◆ Data records
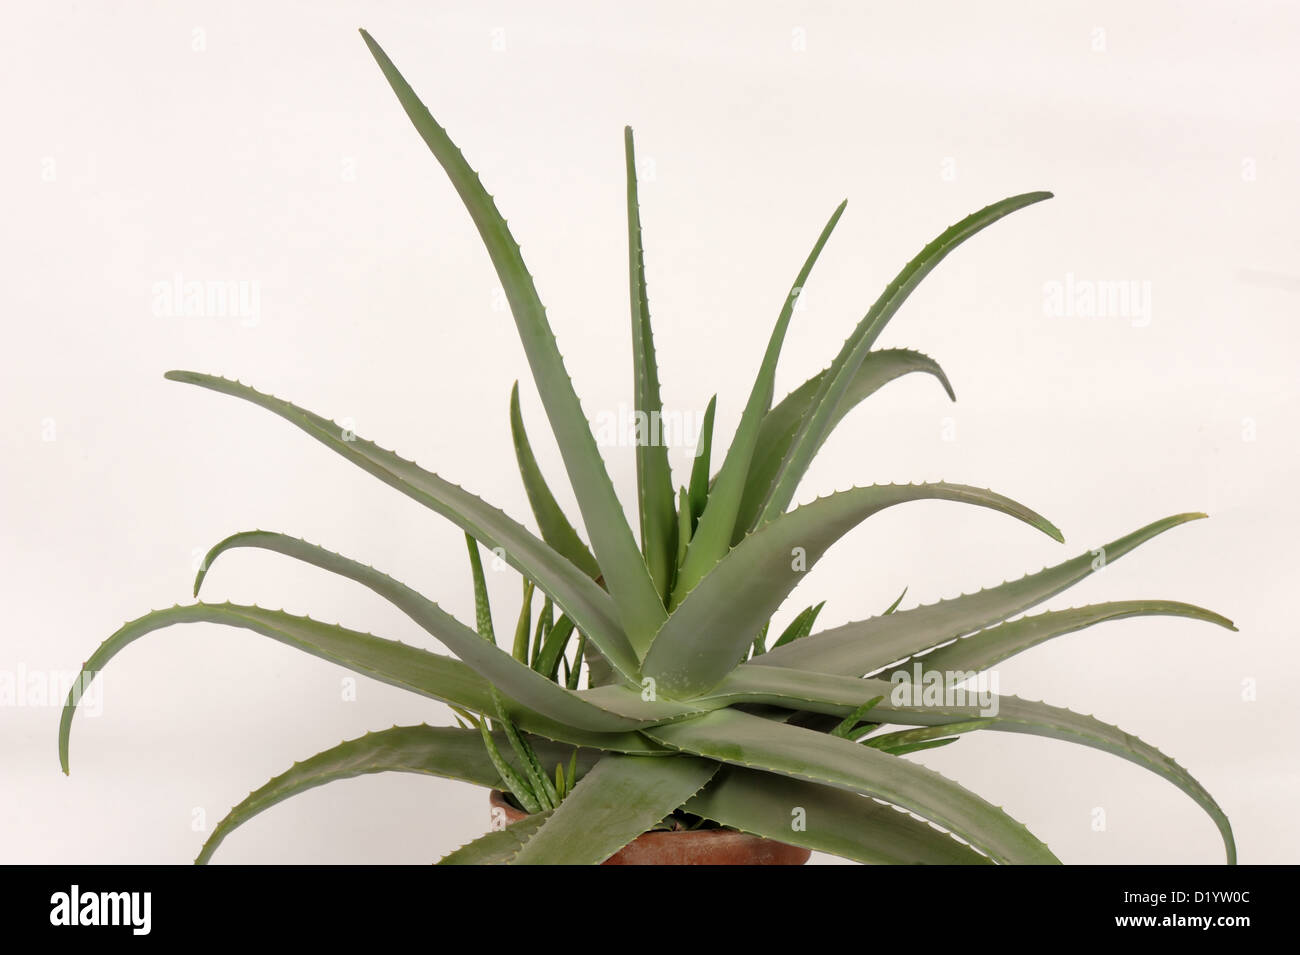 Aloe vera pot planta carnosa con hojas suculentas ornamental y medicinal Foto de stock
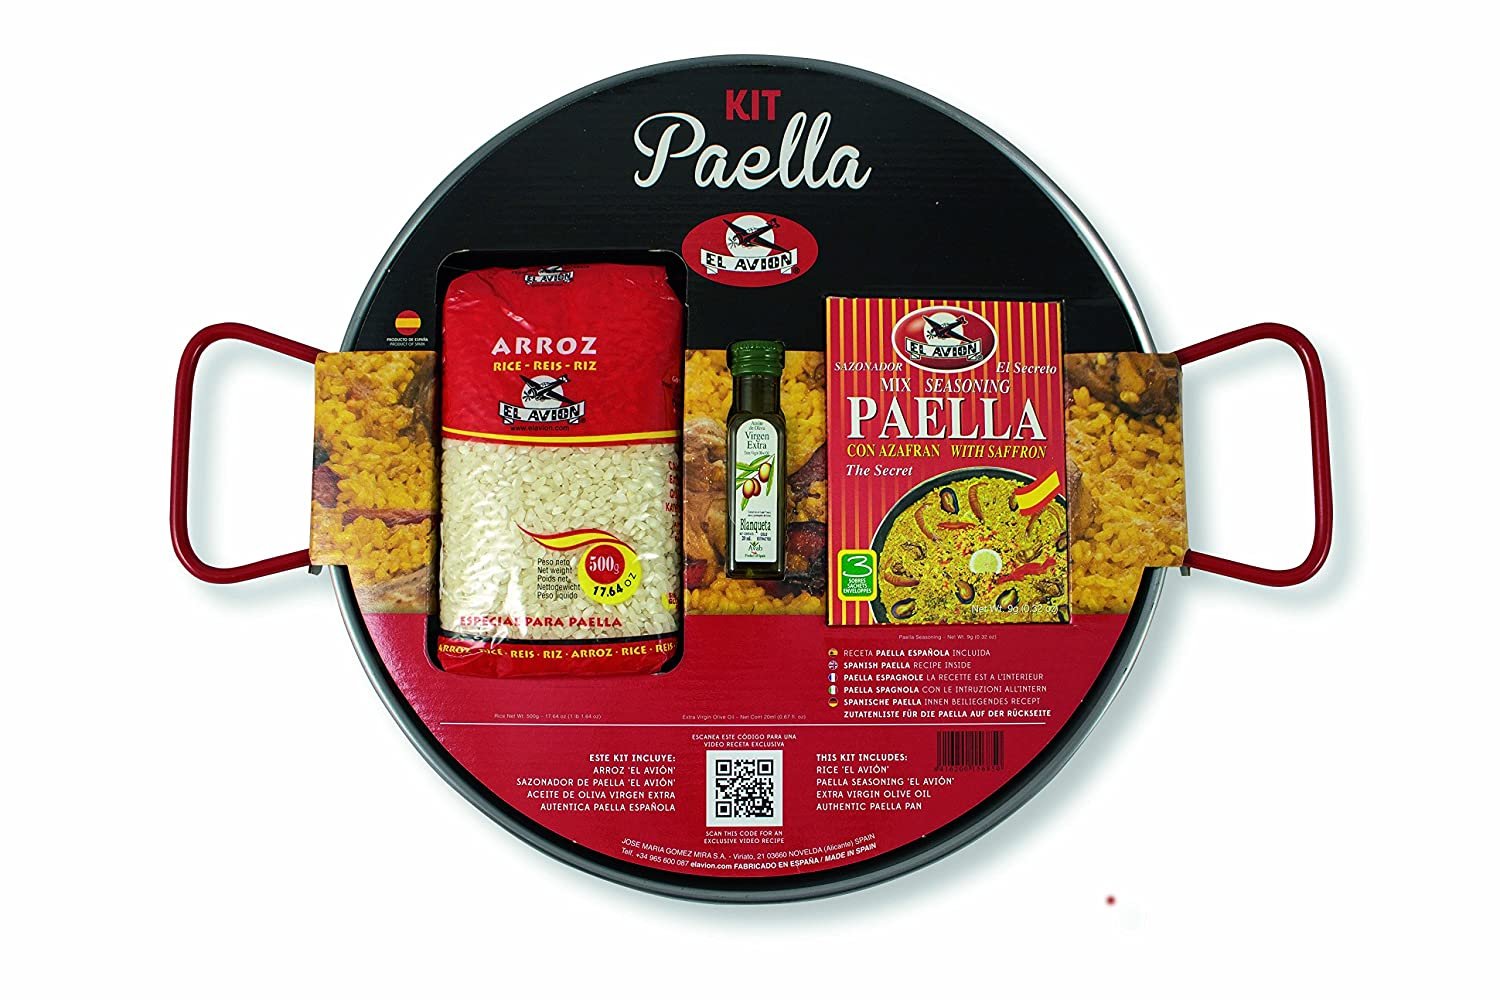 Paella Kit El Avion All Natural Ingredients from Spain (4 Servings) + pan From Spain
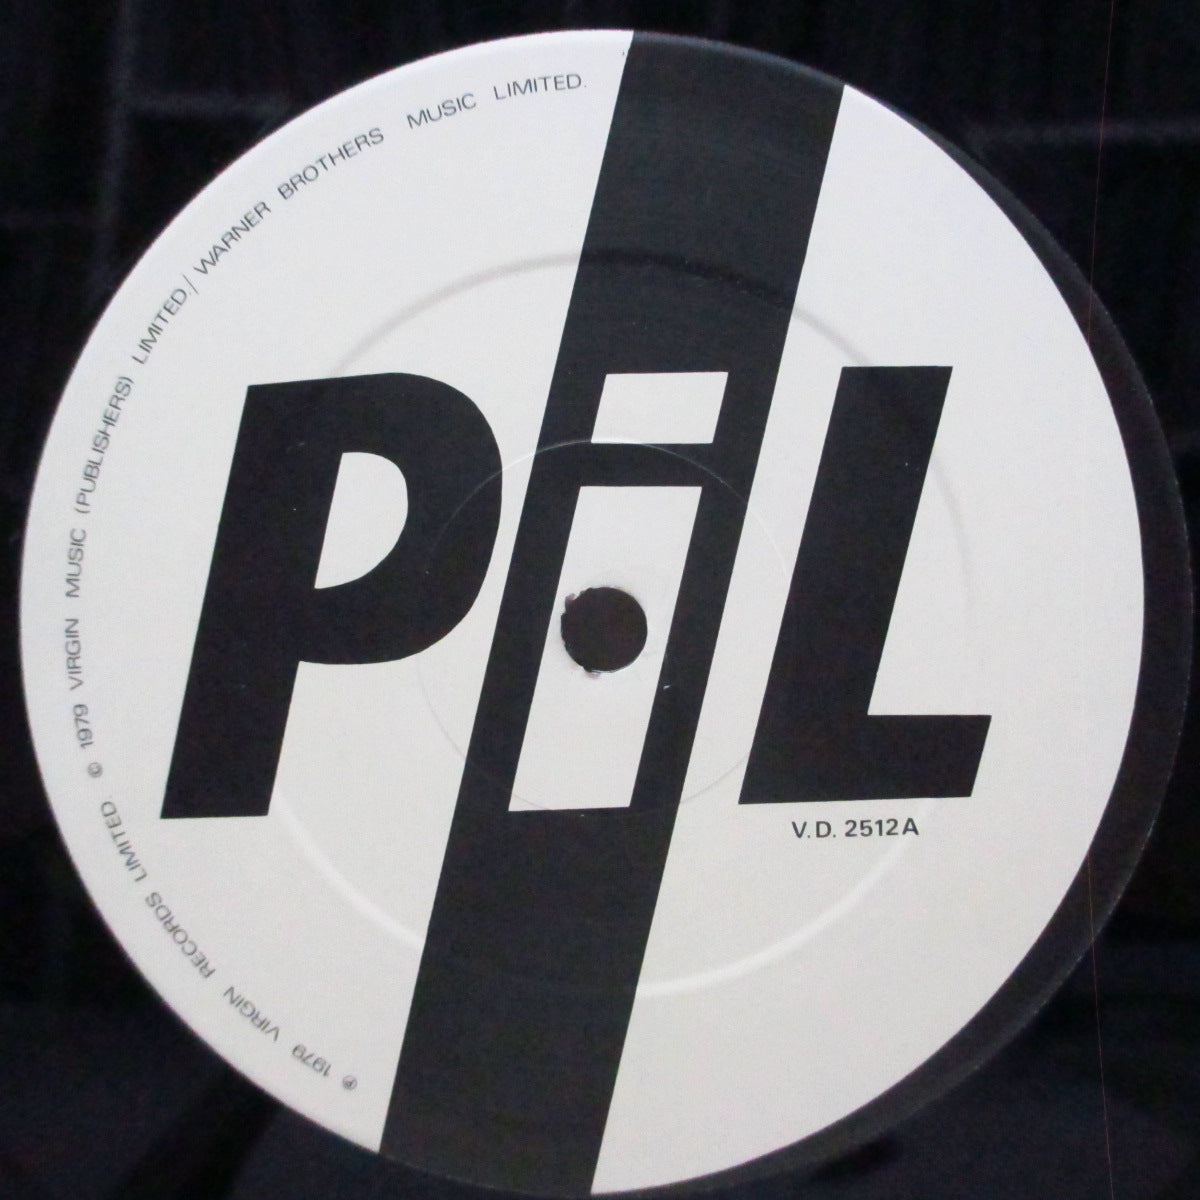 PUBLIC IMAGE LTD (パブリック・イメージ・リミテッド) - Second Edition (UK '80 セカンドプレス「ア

---

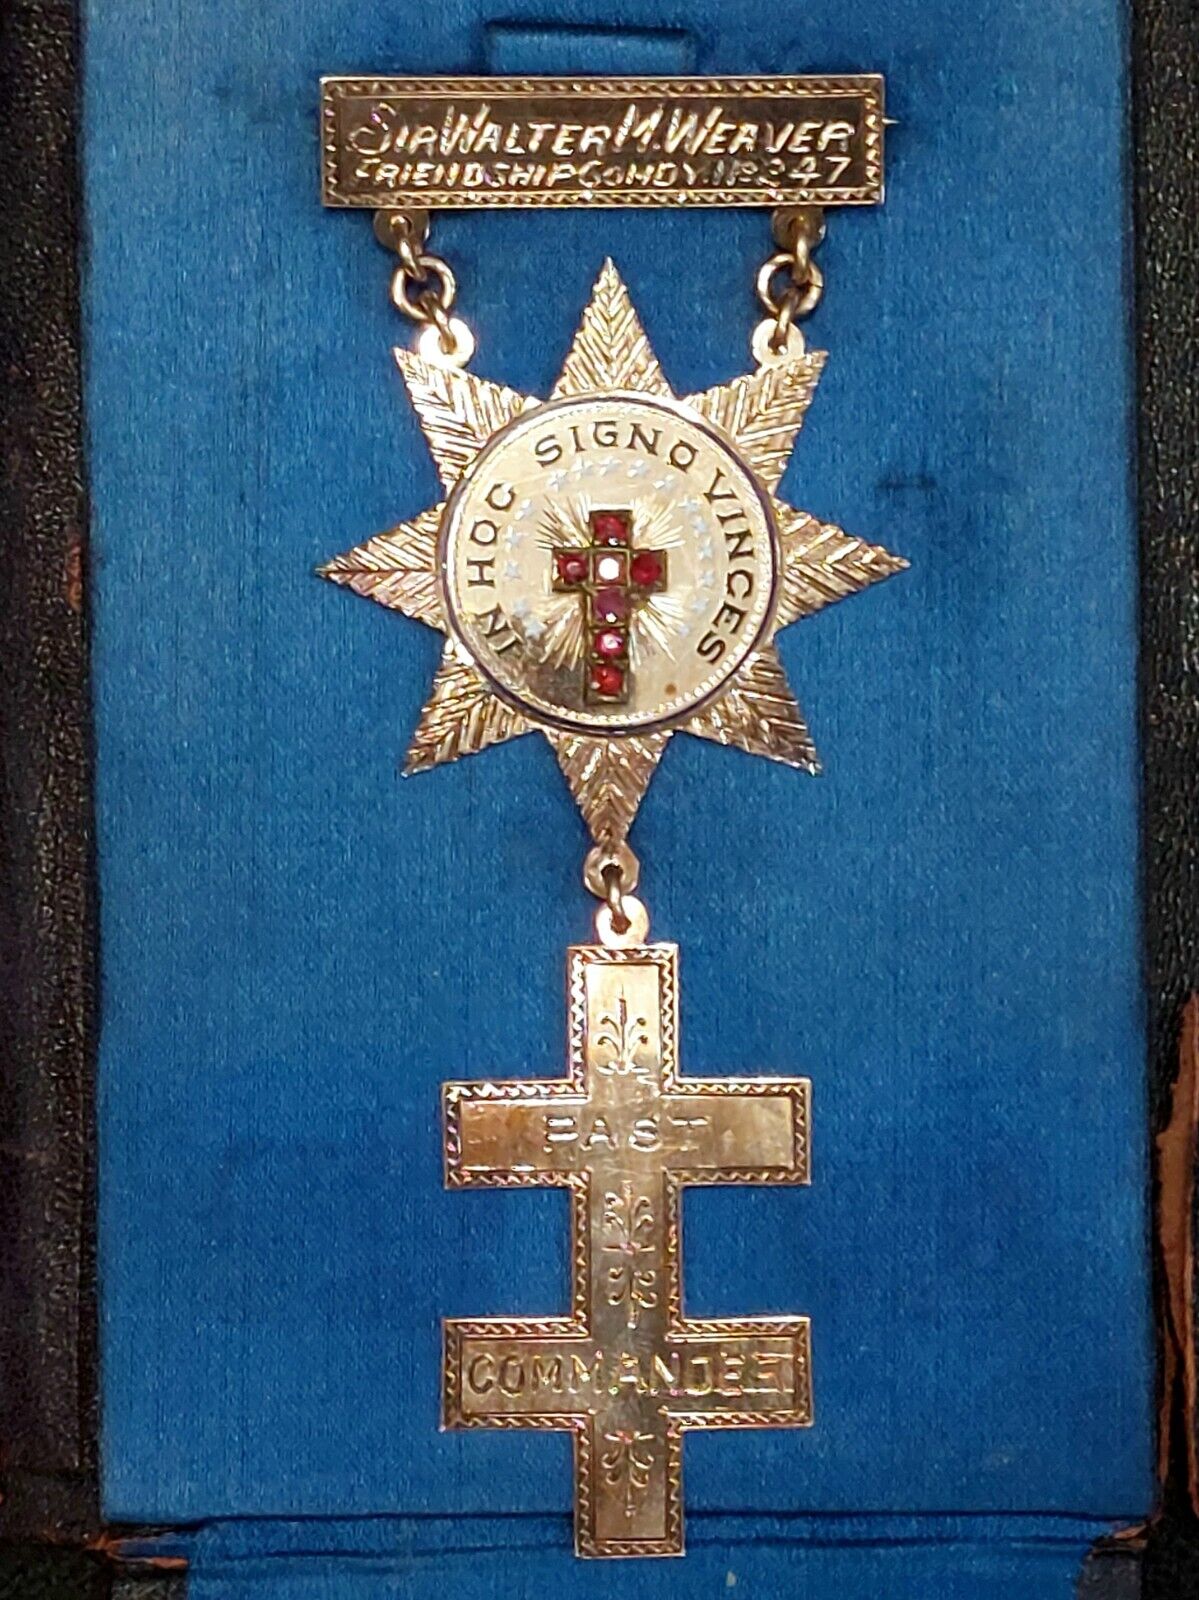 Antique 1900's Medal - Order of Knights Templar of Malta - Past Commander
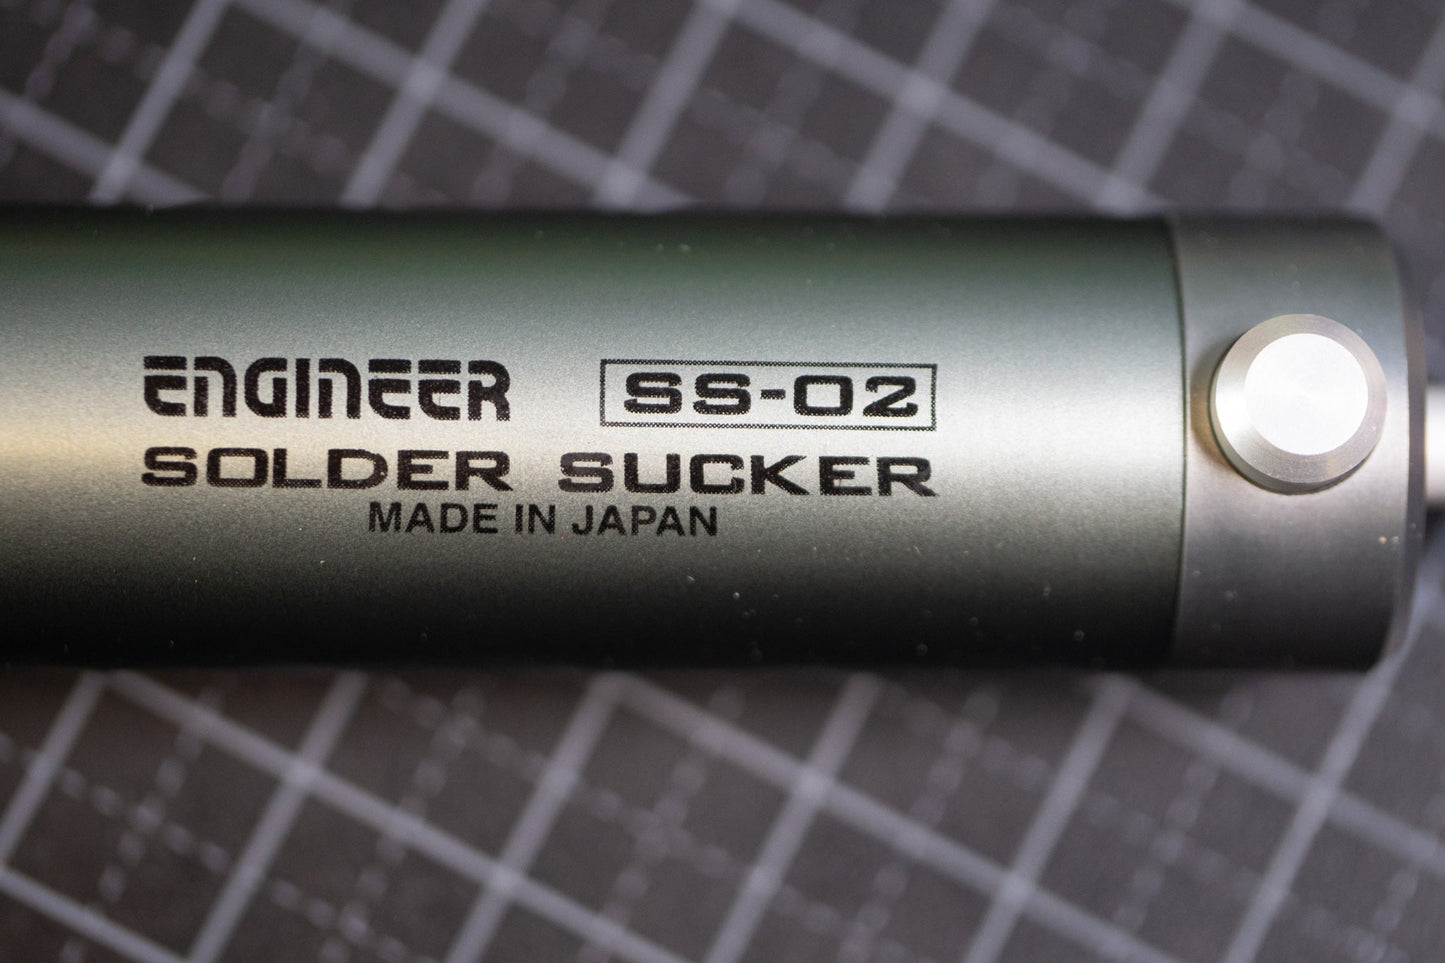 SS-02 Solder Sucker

◆ Requirement
Using the records above, return verbatim only the part that opens with the line containing "Aloe vera pot" and closes with the line containing "PUBLIC IMAGE LTD"; pictures stay out.

◆ Exercise solution
 Aloe vera pot planta carnosa con hojas suculentas ornamental y medicinal Foto de stock
 Paella Kit El Avion All Natural Ingredients from Spain (4 Servings) + pan From Spain
 PUBLIC IMAGE LTD (パブリック・イメージ・リミテッド) - Second Edition (UK '80 セカンドプレス「ア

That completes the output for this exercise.